BEGIN Information provided

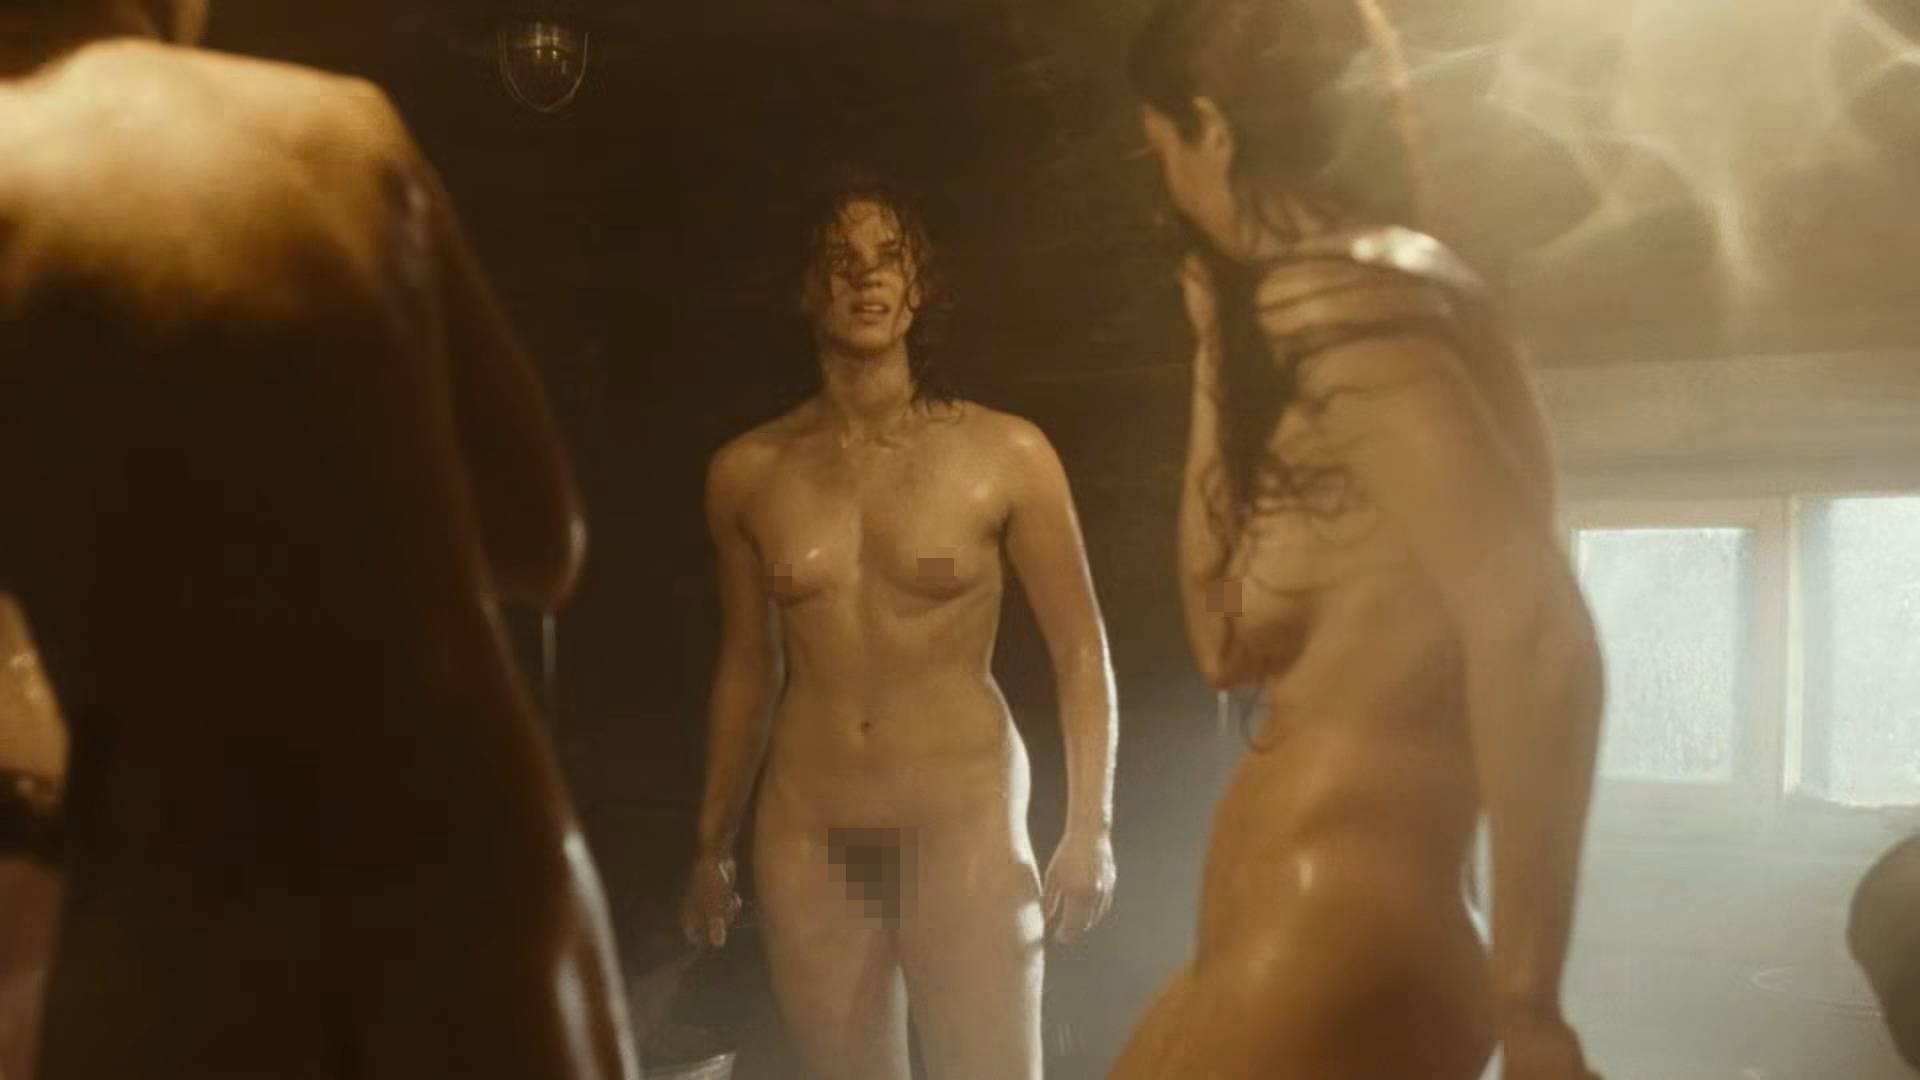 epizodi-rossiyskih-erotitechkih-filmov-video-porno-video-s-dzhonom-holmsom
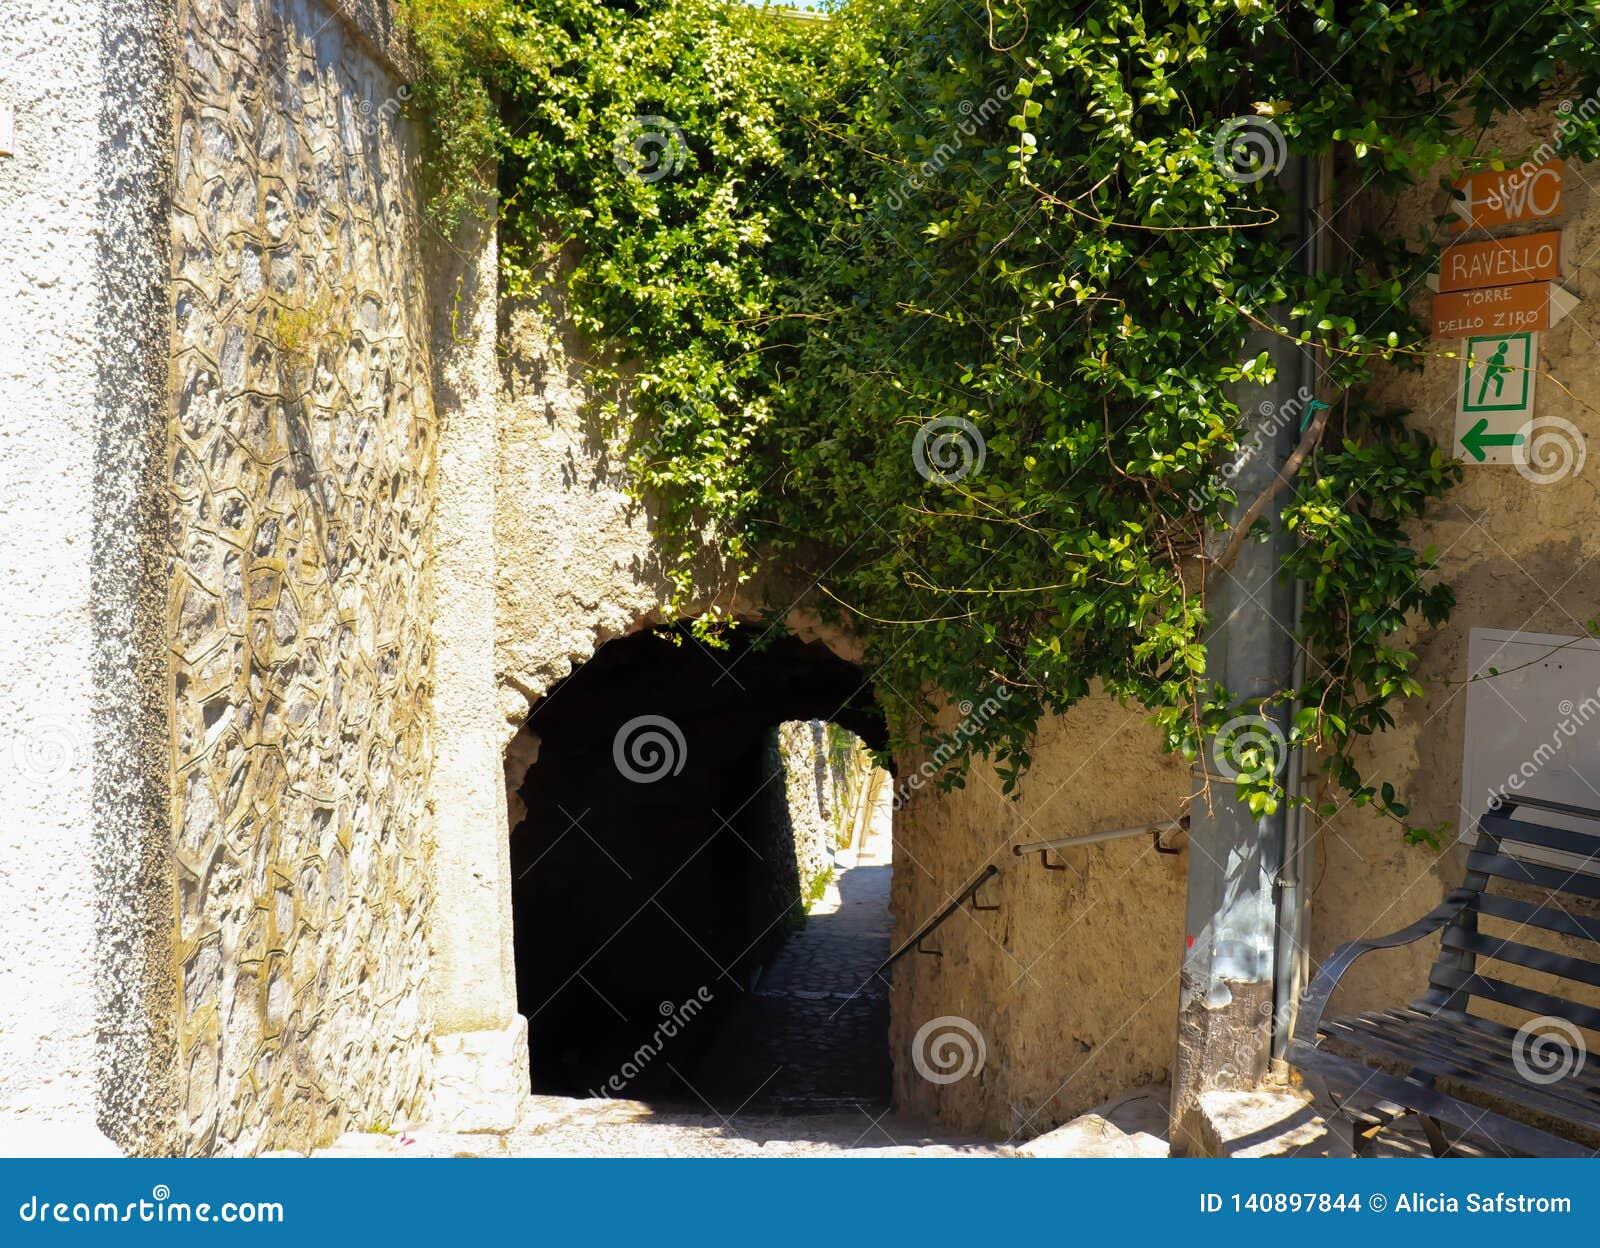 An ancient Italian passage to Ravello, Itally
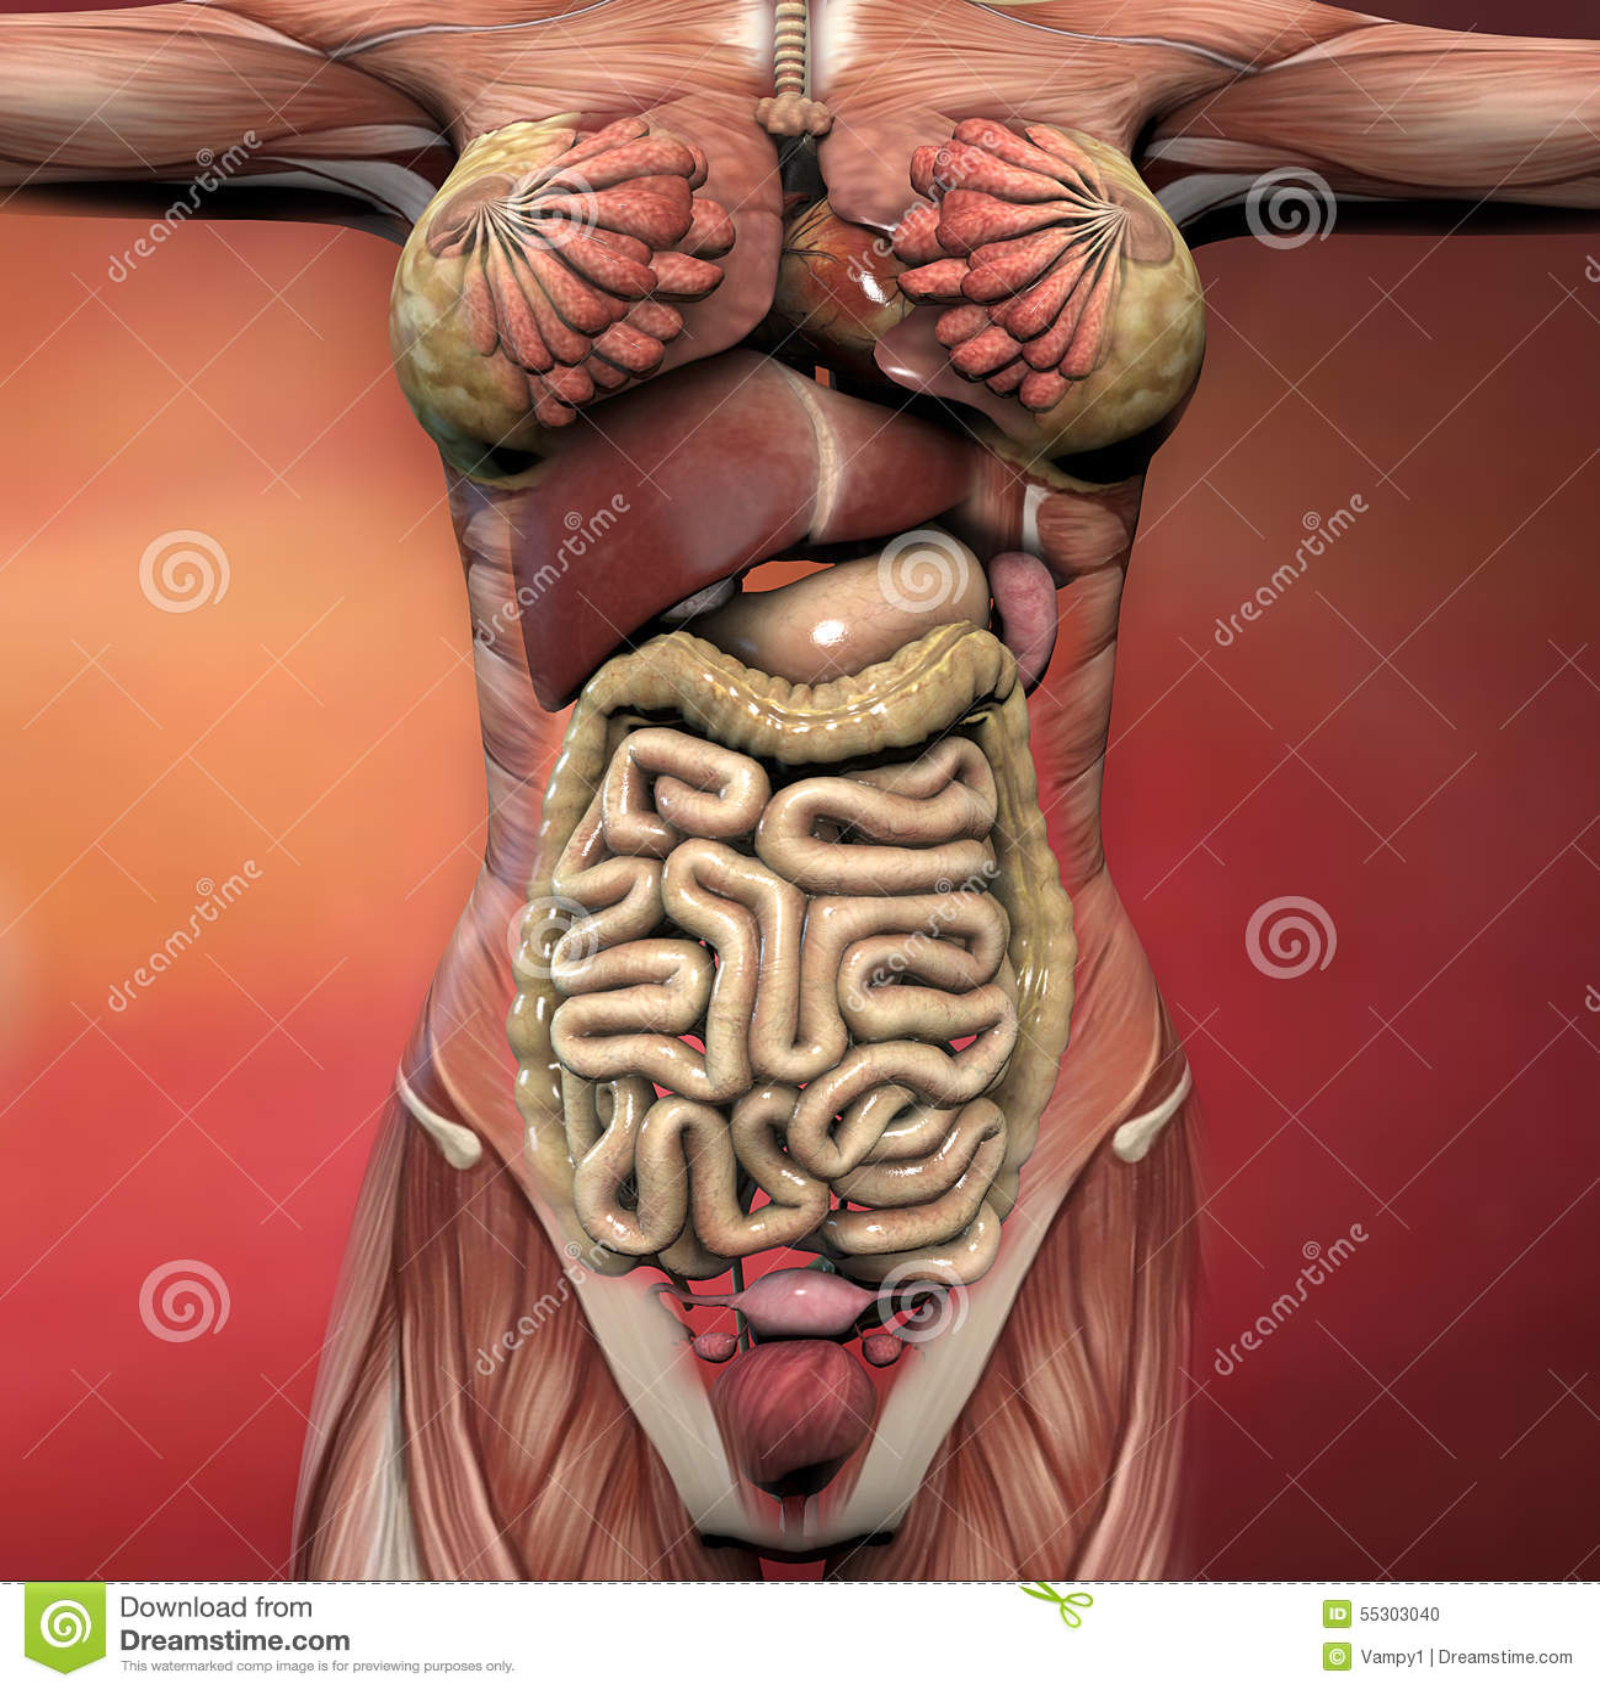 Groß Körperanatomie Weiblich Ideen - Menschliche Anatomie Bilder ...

END Information provided

__Assigned task__:
Up to and including the last line of the listing, starting at the line with "An ancient Italian", extract every line exactly and leave out the pictures.

__Solution to the exercise__:
 An ancient Italian passage to Ravello, Itally
 Groß Körperanatomie Weiblich Ideen - Menschliche Anatomie Bilder ...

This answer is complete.